** Opening Source material block **

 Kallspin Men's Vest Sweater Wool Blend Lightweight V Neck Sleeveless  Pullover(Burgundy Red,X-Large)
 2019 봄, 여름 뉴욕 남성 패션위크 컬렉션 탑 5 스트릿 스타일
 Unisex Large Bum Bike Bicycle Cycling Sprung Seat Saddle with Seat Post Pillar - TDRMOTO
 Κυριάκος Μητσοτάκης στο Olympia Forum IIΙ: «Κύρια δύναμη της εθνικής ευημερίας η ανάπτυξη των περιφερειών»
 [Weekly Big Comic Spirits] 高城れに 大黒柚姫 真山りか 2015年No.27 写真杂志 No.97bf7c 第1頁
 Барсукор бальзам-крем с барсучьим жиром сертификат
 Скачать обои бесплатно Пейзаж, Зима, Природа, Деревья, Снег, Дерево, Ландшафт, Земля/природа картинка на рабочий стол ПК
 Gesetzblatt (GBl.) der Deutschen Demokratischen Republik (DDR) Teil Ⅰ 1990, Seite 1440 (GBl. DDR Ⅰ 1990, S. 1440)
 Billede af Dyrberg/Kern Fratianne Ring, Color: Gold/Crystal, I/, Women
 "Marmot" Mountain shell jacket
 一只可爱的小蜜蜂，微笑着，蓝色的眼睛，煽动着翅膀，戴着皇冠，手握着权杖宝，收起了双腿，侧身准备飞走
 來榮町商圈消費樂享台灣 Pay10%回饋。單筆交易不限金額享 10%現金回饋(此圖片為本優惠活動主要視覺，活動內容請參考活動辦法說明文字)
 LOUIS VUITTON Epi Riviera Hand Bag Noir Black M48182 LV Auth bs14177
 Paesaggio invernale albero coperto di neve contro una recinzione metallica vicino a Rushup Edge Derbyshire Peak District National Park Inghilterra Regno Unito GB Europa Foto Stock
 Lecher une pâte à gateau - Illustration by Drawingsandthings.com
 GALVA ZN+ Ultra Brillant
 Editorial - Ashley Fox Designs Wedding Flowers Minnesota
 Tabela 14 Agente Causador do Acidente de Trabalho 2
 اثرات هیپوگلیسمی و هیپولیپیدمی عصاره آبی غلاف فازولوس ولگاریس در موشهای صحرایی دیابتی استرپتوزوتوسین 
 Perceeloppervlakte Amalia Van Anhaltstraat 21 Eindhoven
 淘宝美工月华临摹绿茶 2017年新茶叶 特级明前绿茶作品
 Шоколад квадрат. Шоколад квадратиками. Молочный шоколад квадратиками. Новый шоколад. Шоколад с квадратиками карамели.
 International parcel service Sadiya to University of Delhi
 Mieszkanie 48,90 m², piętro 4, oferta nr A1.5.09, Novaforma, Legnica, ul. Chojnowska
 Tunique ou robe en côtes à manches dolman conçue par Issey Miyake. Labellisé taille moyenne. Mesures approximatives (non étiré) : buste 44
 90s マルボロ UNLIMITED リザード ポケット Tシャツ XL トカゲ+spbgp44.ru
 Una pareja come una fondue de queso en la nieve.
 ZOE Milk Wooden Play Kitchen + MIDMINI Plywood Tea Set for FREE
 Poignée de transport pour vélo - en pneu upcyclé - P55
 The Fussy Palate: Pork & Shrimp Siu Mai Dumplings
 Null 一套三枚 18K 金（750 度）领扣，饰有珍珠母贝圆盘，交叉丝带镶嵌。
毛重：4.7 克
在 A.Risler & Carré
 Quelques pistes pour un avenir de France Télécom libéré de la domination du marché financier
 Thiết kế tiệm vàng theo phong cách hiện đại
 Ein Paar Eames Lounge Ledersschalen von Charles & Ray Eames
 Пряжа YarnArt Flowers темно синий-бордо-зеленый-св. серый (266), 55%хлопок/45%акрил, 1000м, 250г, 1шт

** Closing Source material block **

▶ Task item: Of all the entries above, retype exactly the lines from the line with "Скачать обои бесплатно" to the line with "Mountain shell jacket", both included, and no others.

▶ Expected output:
 Скачать обои бесплатно Пейзаж, Зима, Природа, Деревья, Снег, Дерево, Ландшафт, Земля/природа картинка на рабочий стол ПК
 Gesetzblatt (GBl.) der Deutschen Demokratischen Republik (DDR) Teil Ⅰ 1990, Seite 1440 (GBl. DDR Ⅰ 1990, S. 1440)
 Billede af Dyrberg/Kern Fratianne Ring, Color: Gold/Crystal, I/, Women
 "Marmot" Mountain shell jacket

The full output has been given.